→ **Exercise goal**:
Below are records; reproduce exactly the lines from the one that has "Vintage La Rose" through the one that has "Sunny luxury decorative", ends included, and nothing more.

*** Opening of Data for the task ***

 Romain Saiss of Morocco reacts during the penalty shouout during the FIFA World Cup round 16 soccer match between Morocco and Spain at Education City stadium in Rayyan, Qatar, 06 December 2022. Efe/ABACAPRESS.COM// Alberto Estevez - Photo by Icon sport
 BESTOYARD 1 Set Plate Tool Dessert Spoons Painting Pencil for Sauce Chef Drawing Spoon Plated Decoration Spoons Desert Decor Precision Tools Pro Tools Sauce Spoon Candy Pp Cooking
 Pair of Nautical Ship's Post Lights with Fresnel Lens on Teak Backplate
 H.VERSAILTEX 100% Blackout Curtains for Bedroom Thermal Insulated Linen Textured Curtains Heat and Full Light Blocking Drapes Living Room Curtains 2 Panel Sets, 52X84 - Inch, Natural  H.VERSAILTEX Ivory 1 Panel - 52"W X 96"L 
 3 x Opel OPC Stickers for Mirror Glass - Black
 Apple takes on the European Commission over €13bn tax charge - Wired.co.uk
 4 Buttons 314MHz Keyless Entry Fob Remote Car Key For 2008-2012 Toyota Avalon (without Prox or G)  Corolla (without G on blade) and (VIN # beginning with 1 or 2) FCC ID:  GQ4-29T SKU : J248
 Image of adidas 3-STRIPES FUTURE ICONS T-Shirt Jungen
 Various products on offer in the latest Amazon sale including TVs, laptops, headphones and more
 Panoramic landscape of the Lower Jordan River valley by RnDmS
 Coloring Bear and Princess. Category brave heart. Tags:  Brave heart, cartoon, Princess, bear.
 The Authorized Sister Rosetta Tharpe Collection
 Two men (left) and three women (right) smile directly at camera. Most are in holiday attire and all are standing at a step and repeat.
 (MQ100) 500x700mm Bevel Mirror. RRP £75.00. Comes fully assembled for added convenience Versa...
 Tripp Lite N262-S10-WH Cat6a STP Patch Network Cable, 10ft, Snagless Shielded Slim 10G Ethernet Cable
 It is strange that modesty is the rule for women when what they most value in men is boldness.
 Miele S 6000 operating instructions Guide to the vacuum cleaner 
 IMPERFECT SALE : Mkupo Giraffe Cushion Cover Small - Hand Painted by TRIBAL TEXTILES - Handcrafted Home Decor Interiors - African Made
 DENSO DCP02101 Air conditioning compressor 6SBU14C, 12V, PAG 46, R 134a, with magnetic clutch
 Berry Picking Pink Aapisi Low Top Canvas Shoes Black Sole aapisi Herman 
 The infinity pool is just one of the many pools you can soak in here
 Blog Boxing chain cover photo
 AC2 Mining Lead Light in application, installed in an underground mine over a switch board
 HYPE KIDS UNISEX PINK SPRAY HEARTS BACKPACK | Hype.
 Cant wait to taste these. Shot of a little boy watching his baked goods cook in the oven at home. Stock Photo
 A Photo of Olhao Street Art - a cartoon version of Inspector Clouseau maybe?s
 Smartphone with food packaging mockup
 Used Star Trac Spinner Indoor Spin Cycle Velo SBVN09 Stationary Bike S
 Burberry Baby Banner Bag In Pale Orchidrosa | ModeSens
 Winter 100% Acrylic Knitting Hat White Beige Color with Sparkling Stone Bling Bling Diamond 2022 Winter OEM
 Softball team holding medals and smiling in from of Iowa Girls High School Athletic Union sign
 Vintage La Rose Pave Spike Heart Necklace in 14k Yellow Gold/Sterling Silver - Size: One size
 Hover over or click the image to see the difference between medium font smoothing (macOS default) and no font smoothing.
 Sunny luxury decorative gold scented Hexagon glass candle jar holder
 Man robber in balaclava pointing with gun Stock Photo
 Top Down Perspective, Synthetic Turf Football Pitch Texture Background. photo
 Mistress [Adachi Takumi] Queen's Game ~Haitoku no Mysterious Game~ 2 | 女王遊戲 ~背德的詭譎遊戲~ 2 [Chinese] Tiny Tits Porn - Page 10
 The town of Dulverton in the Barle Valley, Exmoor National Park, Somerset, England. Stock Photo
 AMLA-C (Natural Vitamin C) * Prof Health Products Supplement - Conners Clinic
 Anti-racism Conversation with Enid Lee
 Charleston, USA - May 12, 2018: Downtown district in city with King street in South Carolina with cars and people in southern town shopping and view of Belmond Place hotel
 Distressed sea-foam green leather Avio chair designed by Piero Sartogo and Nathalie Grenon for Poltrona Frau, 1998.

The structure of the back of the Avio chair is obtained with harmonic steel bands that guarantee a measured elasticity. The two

*** Close of Data for the task ***

→ **Solution for this task**:
 Vintage La Rose Pave Spike Heart Necklace in 14k Yellow Gold/Sterling Silver - Size: One size
 Hover over or click the image to see the difference between medium font smoothing (macOS default) and no font smoothing.
 Sunny luxury decorative gold scented Hexagon glass candle jar holder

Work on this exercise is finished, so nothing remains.